THE HOME INSPECTION PROCESS: Buyers and Sellers Have New Inspection Considerations
Home buyers and home sellers have lots of options in the home inspection process. Even though I supervised construction of close to one hundred custom homes in my previous career as a home-builder, I now hire a home inspector to look over the houses I plan to purchase for investment.
Why would a seasoned real estate professional spend a couple hundred dollars to get someone else’s opinion about the condition of the property before purchase?
The answer to this and other questions about home inspections has a lot to do with the changing nature of real estate negotiations.
Most Home Sales Now Involve A Home Inspection
John Ghent, president of the American Society of Home Inspectors (ASHI), told Realty Times that “some 77 percent of all home sales in the United States last year involved a home inspection” (This according to a study performed on behalf of ASHI and the National Association of Realtors).
This large rate of sales involving home inspections is a relatively recent phenomenon in the real estate business. In the past, most homeowners purchased and/or sold a home in a transaction where no home inspector was ever involved.
Now, it appears probable that most current and future homeowners will have a home inspector involved in their next sale or purchase of a home.

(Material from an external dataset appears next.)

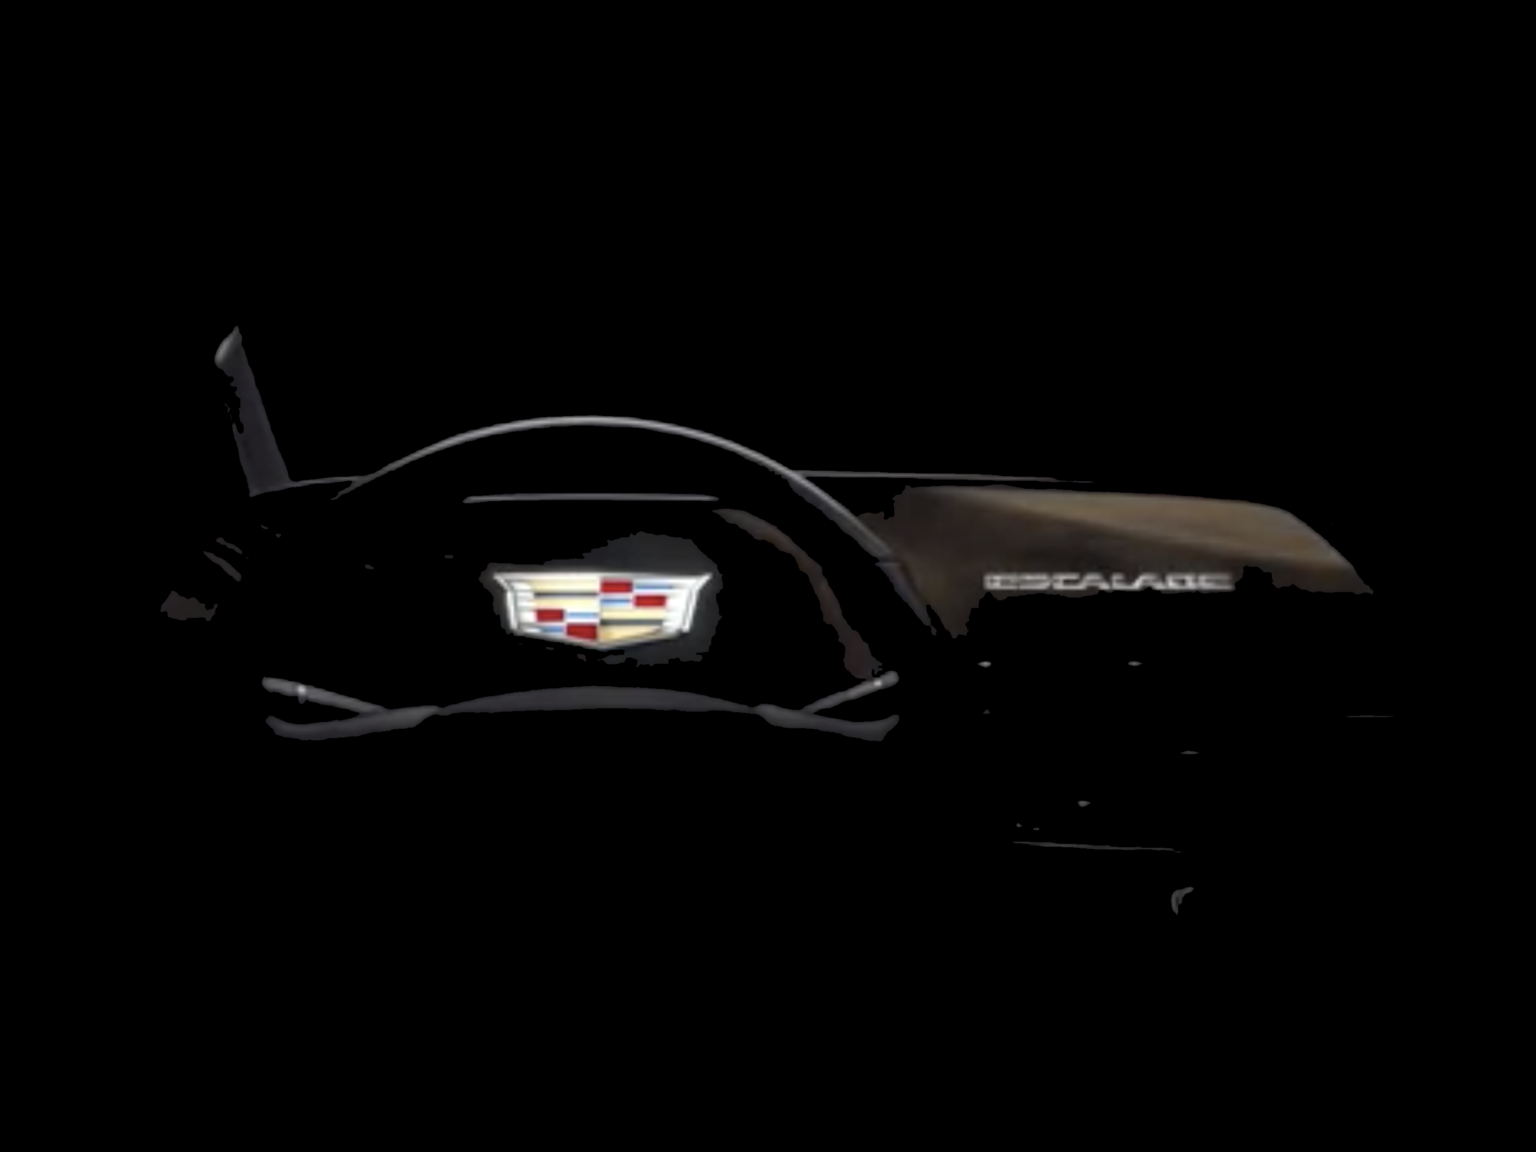 Cadillac teased the curved screen with a short promo video.

Face to Face Negotiations Out, Disclosure Statements and Inspections In
In the old days, buyers and sellers often met face-to-face in order to discuss the condition of a home. Today, Sellers Disclosure Statements and home inspectors have become the mode of communication between buyers and sellers.

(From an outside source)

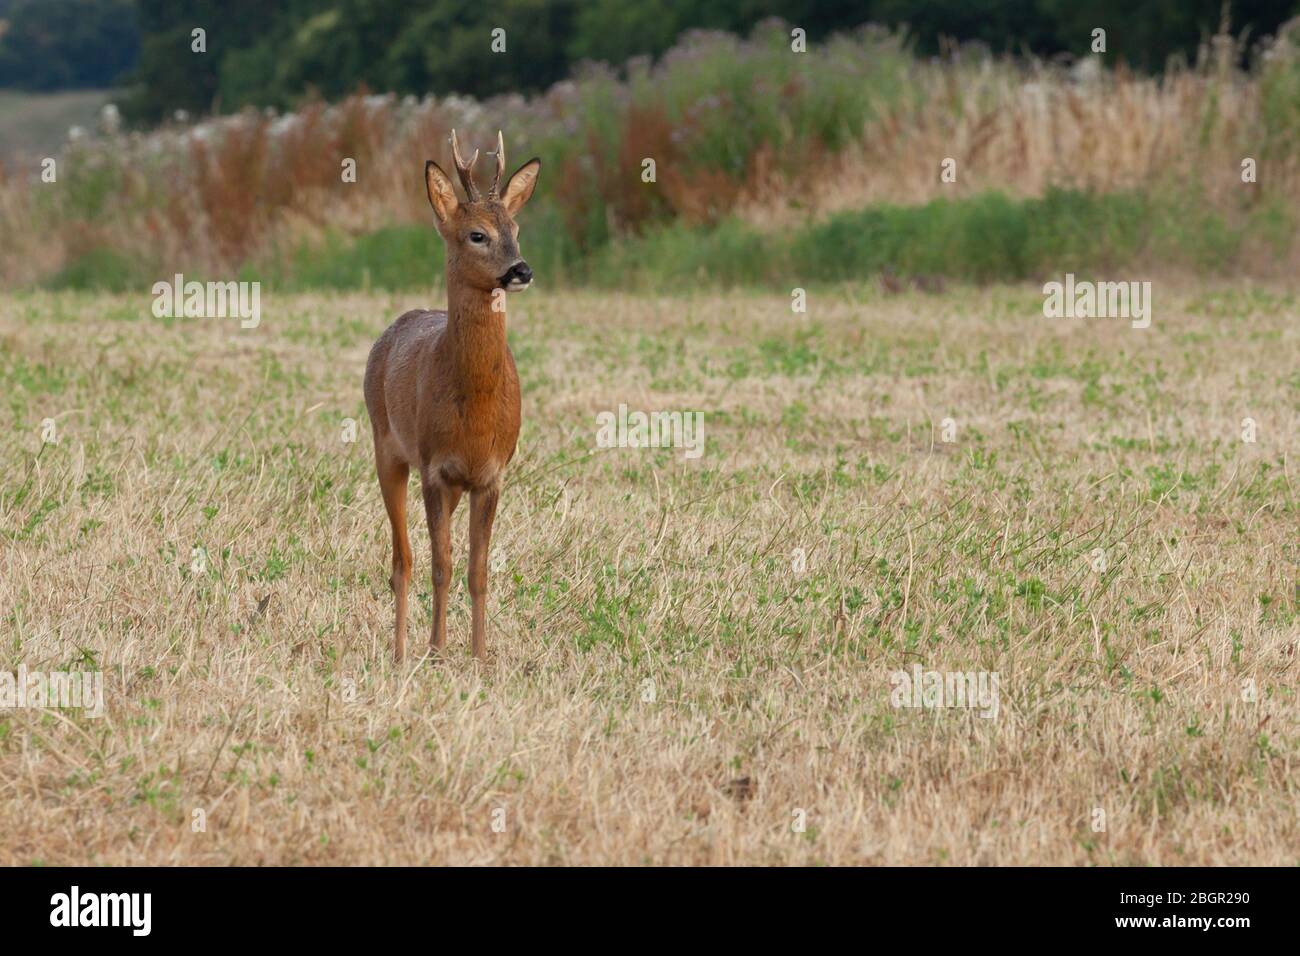 Young wild roe deer close up. Natural wildlife landscape with a single animal in a field. Stock Photo

The old cold war strategy of “trust – but verify” has become the accepted means of determining the condition of a home. In today’s real estate market, actual sales negotiations continue way past the point where the sales contract is signed, remaining open until the last document is signed at closing.
And, a major area of negotiation is the inspection contingency. Sellers routinely declare their home to be perfect and 100% free of defects. And, buyers routinely obtain home inspection reports that list dozens of defects in what most folks would otherwise consider a well-built home.
The end result of the home inspection negotiation usually has a lot to do with the strength of the real estate market in the sub-market where the home is located.
Buyers Market Gives Upper Hand to Repairs
In a strong buyer’s market, a seller may be more than willing to do the majority of items on the “request for repairs” list and move on to closing. Sellers in tough real estate markets are also usually willing to settle on a dollar amount for the repairs and then have the sales price reduced by that amount. This gives the buyer an opportunity to hire their own contractors, or just live with the defect.
Strong Sellers Markets Mean Few Repairs
If we are in a strong seller’s market, sellers might receive a lengthy home inspection contingency request for repairs from the buyer; and then tell the buyer to go pound sand. They likely won’t plan to do any of the requested repairs or maintenance. Buyers should still do a home inspection so they know what the future costs of home ownership will be in the area of maintenance and capital improvements to their new home.
What Is Included In Most Home Inspections?
Understanding the important role a home inspection can play in a real estate negotiation, it is also important to understand what is included in a home inspection. US Inspect, an organization for the home inspector’s industry, lists the following areas that should be covered in a home inspection, on their useful website:
“heating system, central air conditioning system, interior plumbing, electrical system, roof, attic space, visible insulation, the walls, ceilings, floors, doors, windows, basement or crawlspace area, and the foundation and all structural components. …finally a check of the entire property is made to verify the condition of the property…”
Home Inspection Report
Once the inspection is complete, the home inspector submits a written report of all findings, specifically including a list of all deficiencies and recommendations for repair or maintenance.
Some areas of the inspection may raise a concern to the inspector; but an actual finding of deficiency may be beyond his/her professional abilities. At this point, the inspector should make a written report that the item in question should be inspected further by a qualified specialist. Specialists can include licensed electricians, HVAC technicians, plumbers, structural engineers, licensed roofing companies, and a myriad of others.
It is important to know that home inspectors can’t verify that all is 100% well with a house. Things behind the walls and hidden defects like mold can’t be evaluated by the home inspector because they don’t have access to these areas.
Additionally, some items are weather related. If the thermal seals in insulated windows are broken, the window may not fog up until atmospheric conditions cause water to condense.
Heating systems can’t be checked completely in the summer and cooling systems can’t be fully evaluated in the winter. Home inspectors will have contracts that exclude them from any liability for any item they can not evaluate for these and other reasons.
While on the subject of liability, it is important to note that the home inspection contract pretty much limits the home inspector’s liability to the fee you paid for the home inspection. If they foul up the inspection, you will have to go to court to fight for anything more than refund of the payment you made for the inspection.
Find A Qualified Home Inspector
Most real estate agents are a good source for referral of a qualified and competent building inspector. The ASHI website and the website for National Association of Home Inspectors can also be sources of referrals. If you have a friend who recently bought or sold a home, ask them about heir experience with the home inspector who participated in their transaction.